The algorithm maintains an invariant that if the target exists in the array, it must be within the range [l, r]. By comparing with the middle element, we can safely eliminate half of the search space in each iteration.

The condition nums[mid] >= target ensures that we find the leftmost occurrence if there were duplicates (though this problem assumes unique elements). When l and r converge, l points to the smallest index where nums[index] >= target.

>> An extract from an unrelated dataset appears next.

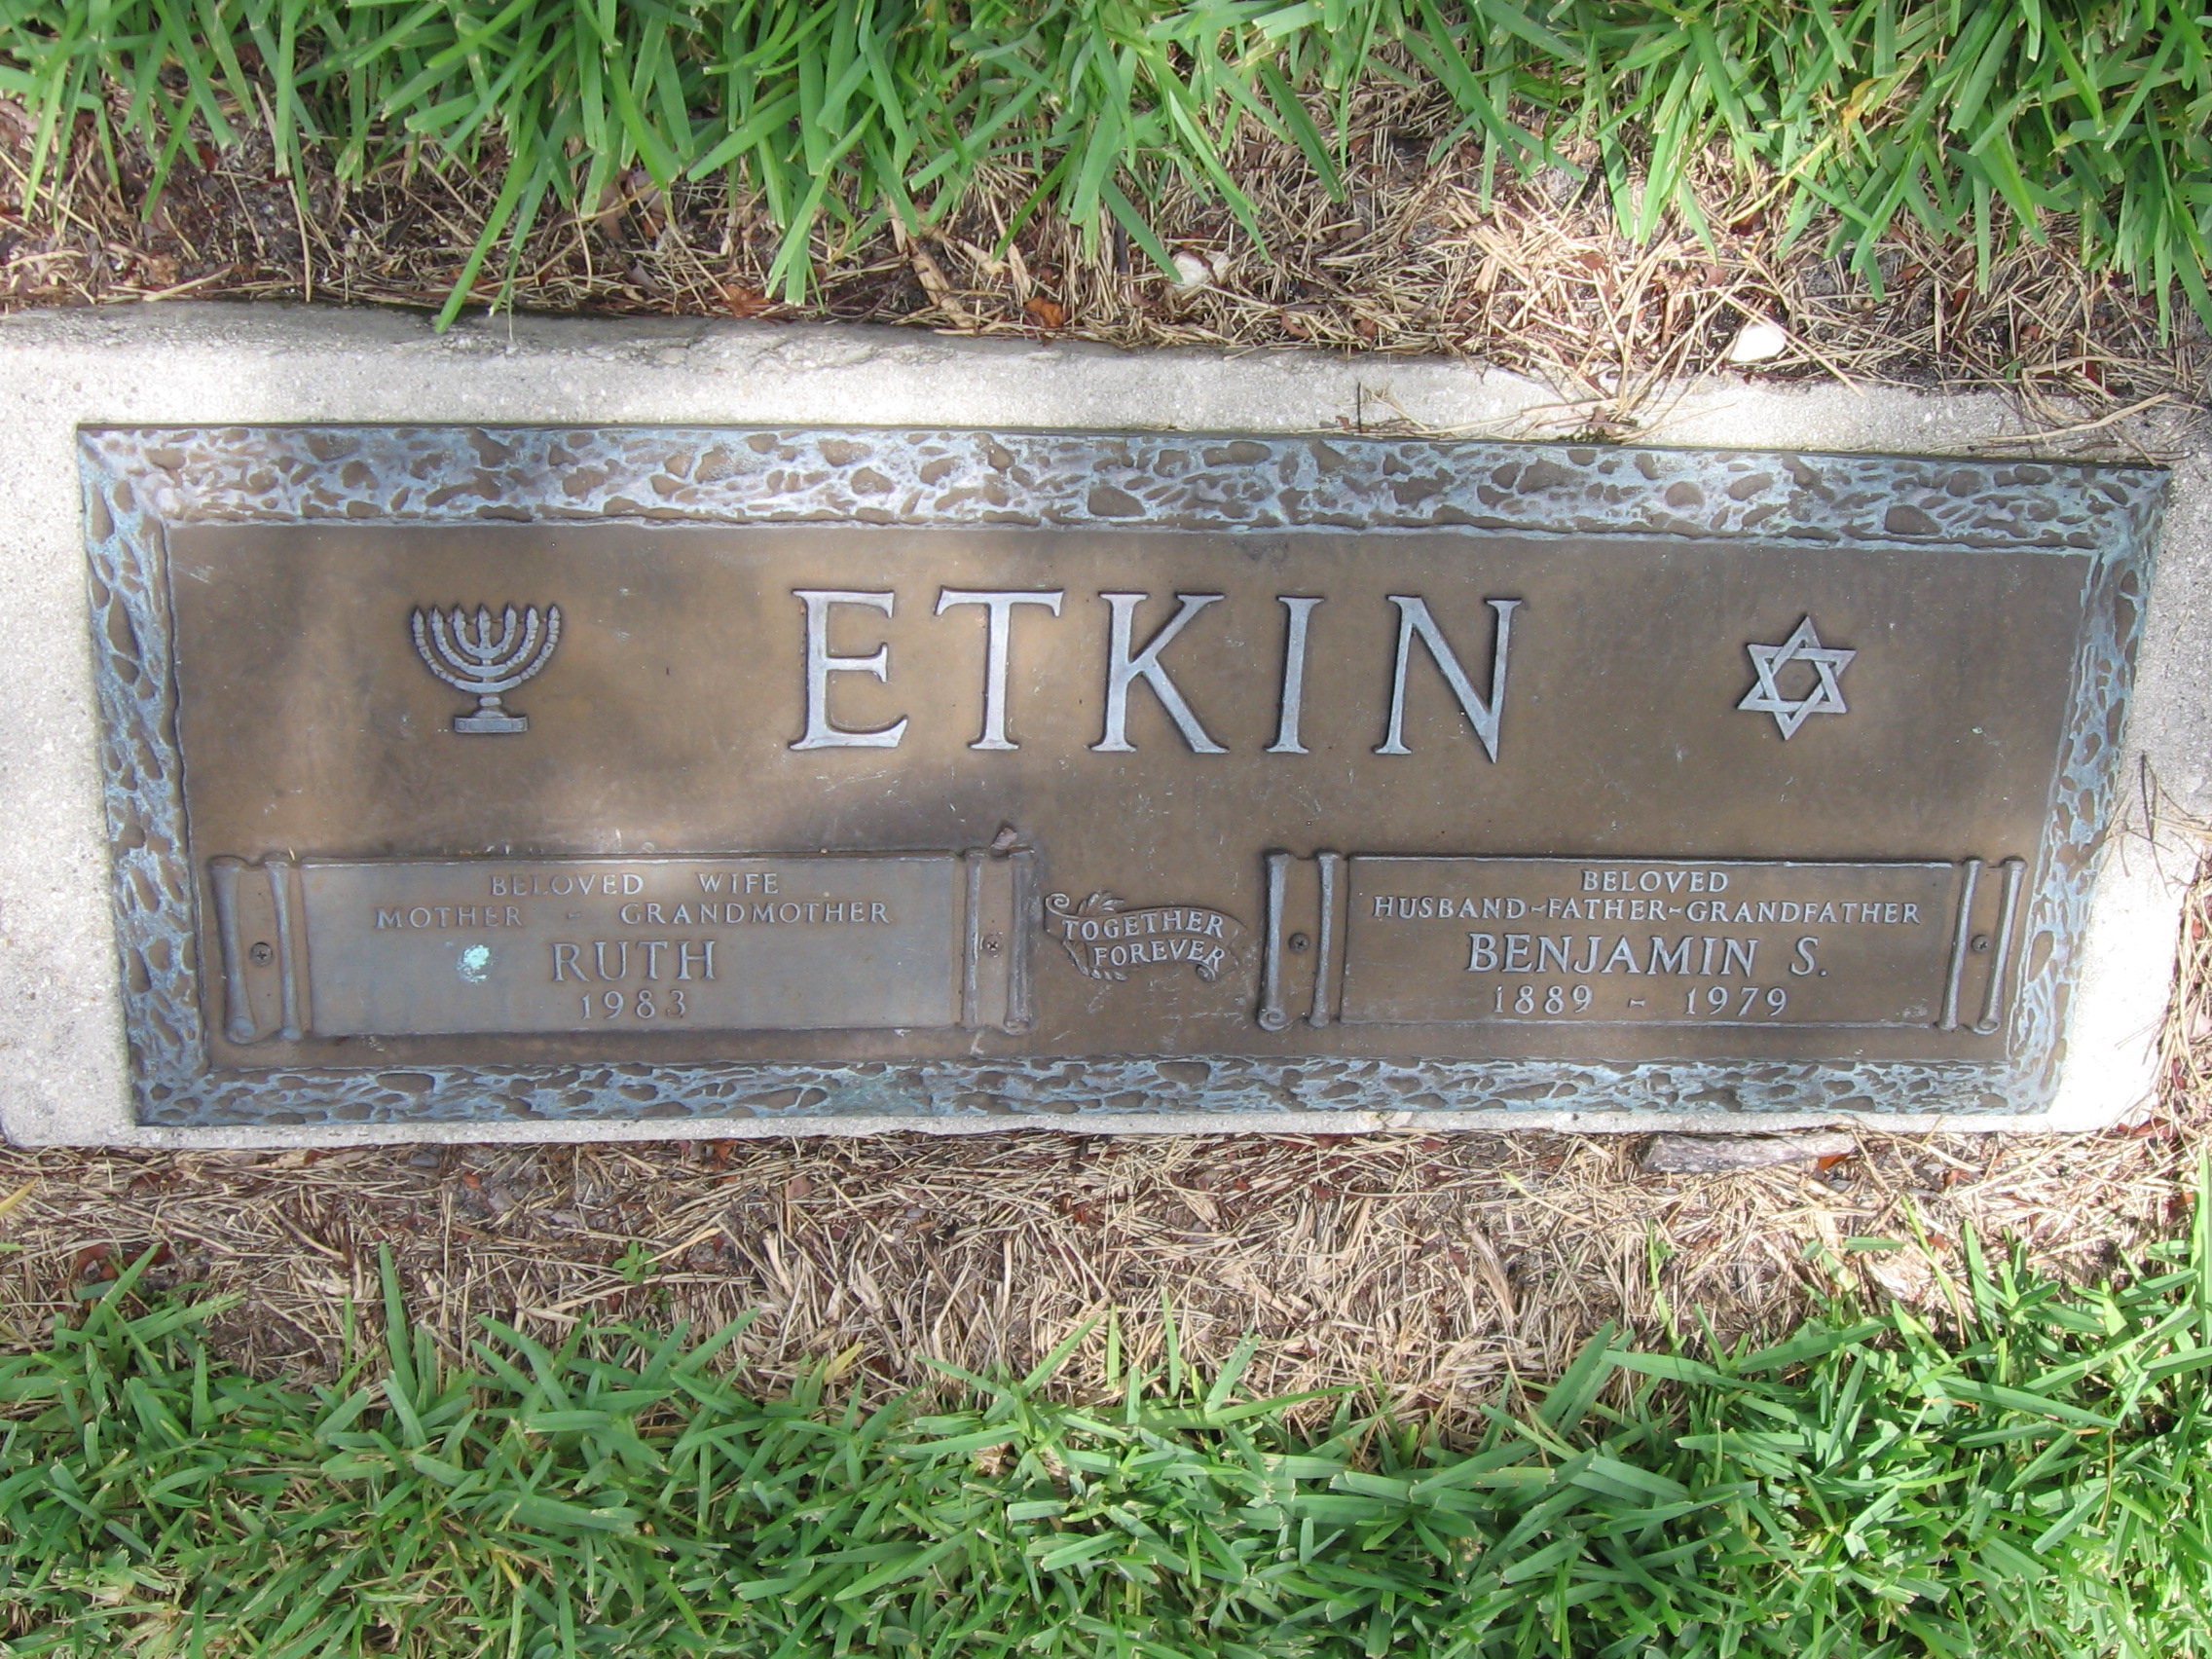 Benjamin S Etkin

Time Complexity: O(log n) - We halve the search space in each iteration Space Complexity: O(1) - We only use a constant amount of extra space for the pointers

Example Walkthrough

Let's trace through the algorithm with nums = [1, 3, 5, 7, 9, 11] and target = 7.

Initial Setup:

• l = 0, r = 5 (array indices)
• Array: [1, 3, 5, 7, 9, 11]
• Looking for: 7

Iteration 1:

• l = 0, r = 5, so l < r (continue)
• Calculate mid = (0 + 5) >> 1 = 2
• Check nums[2] = 5
• Compare: 5 < 7, so target must be to the right
• Update: l = mid + 1 = 3
• New range: indices [3, 5] → values [7, 9, 11]

Iteration 2:

• l = 3, r = 5, so l < r (continue)
• Calculate mid = (3 + 5) >> 1 = 4
• Check nums[4] = 9
• Compare: 9 >= 7, so target is at mid or to its left
• Update: r = mid = 4
• New range: indices [3, 4] → values [7, 9]

Iteration 3:

• l = 3, r = 4, so l < r (continue)
• Calculate mid = (3 + 4) >> 1 = 3
• Check nums[3] = 7
• Compare: 7 >= 7, so target is at mid or to its left
• Update: r = mid = 3
• New range: index [3] → value [7]

Termination:

• l = 3, r = 3, so l == r (exit loop)
• Check: nums[3] = 7, which equals our target
• Return: 3

Example with target not found: Let's quickly see what happens with the same array but target = 6:

• After similar iterations, we converge to l = r = 3
• Check: nums[3] = 7, which is 7 ≠ 6
• Return: -1

The algorithm efficiently narrows down the search space by half in each iteration, examining only 3 elements out of 6 to find the target, demonstrating the logarithmic time complexity.

Time and Space Complexity

The time complexity is O(log n), where n is the length of the array nums. This is because the algorithm uses binary search, which divides the search space in half with each iteration. In the worst case, the while loop runs log₂(n) times until l and r converge.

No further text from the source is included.